Bilgin A, Wolke D. Maternal Sensitivity in Parenting Preterm Children: A Meta-analysis. Pediatrics. 2015. “Mothers of preterm children were not found to be less sensitive or responsive toward their children than mothers of full-term children.” Quite.
Boss RD, et al. Decisions regarding resuscitation of extremely premature infants: Should social context matter? JAMA Pediatrics. 2015;169(6):521-2.

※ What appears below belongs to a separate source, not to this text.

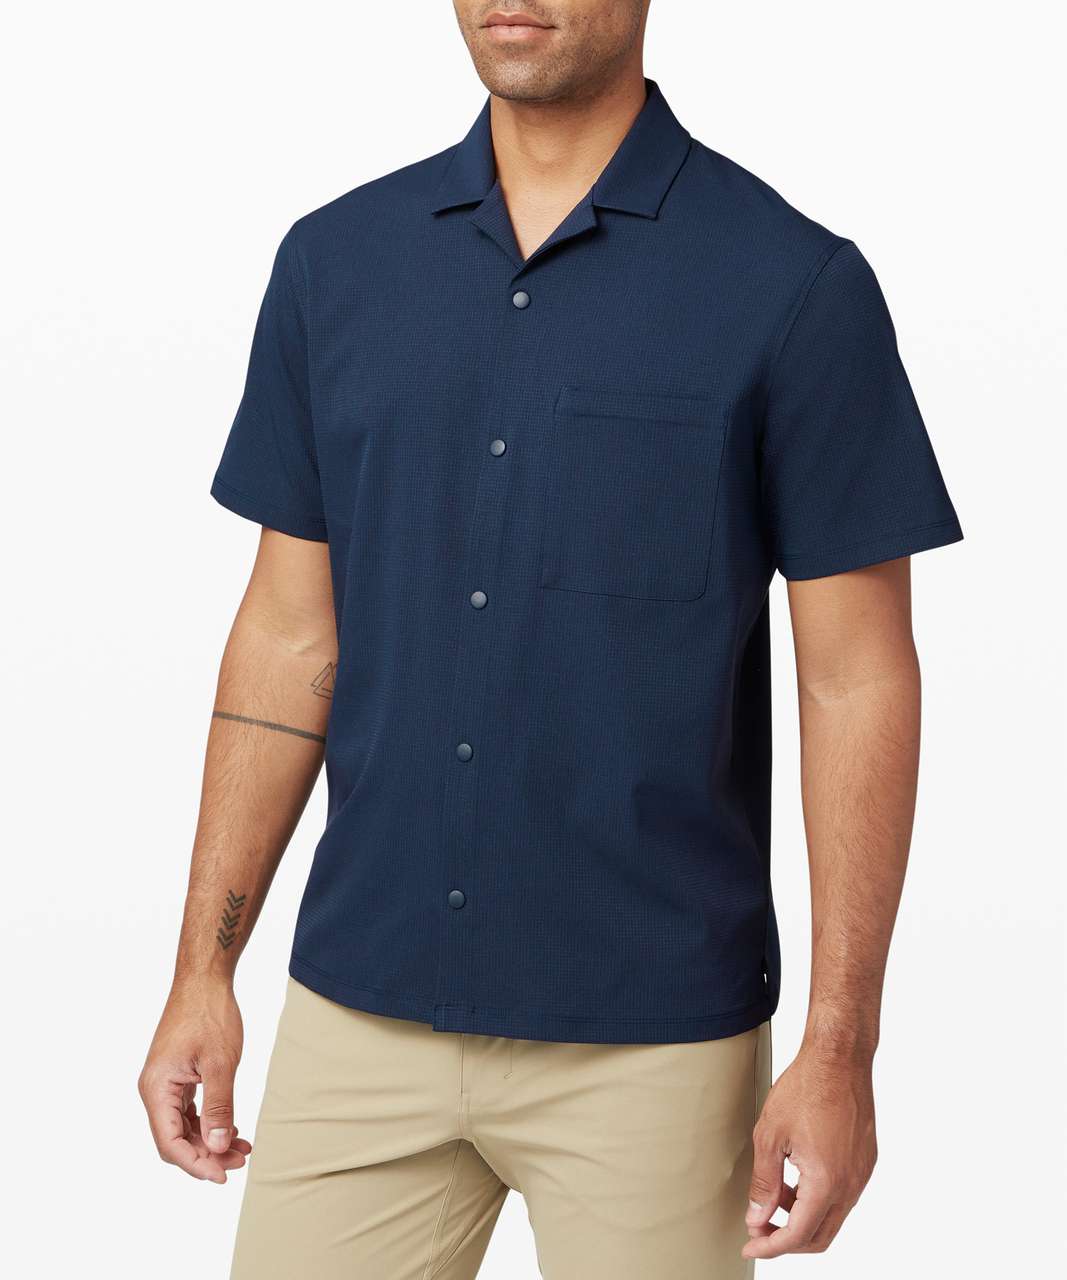 Upscale Mens Camp Shirt - Blue, Medium

This is a discussion of two cases of extremely preterm infants, and the decision-making surrounding them in 2 different social contexts. An interesting article, and I don’t agree with everything they say, but I certainly do agree with this statement:
Delivering a monologue of medical detail and a menu of treatment options can seem a simpler path…… Yet allowing the delivery of medical information to monopolize conversations with families, even in urgent situations, rarely affects parents’ immediate decisions
Harris DL, et al. Lactate, rather than ketones, may provide alternative cerebral fuel in hypoglycaemic newborns. Archives of disease in childhood Fetal and neonatal edition. 2015;100(2):F161-4. The authors measured a ketone (beta-hydroxybutyrate) and lactate in the blood of infants with hypoglycemia. The ketone was very low, and the lactate much higher in most, although low in 17%. They didn’t actually measure whether the brains of the babies were using the lactate, but they note that there is good evidence that brains can use lactate, and will do so if the levels are high enough (including a study in adults where they made them hypoglycemic enough to have symptoms and then infused lactate, showing an improvement in symptoms. Which sounds like a very scary thing to volunteer for!) and that when ketone concentrations are low the brain doesn’t use them much. The supposition that the brain can use the increased lactates found in this study, and wouldn’t get much from the ketones, seems reasonable.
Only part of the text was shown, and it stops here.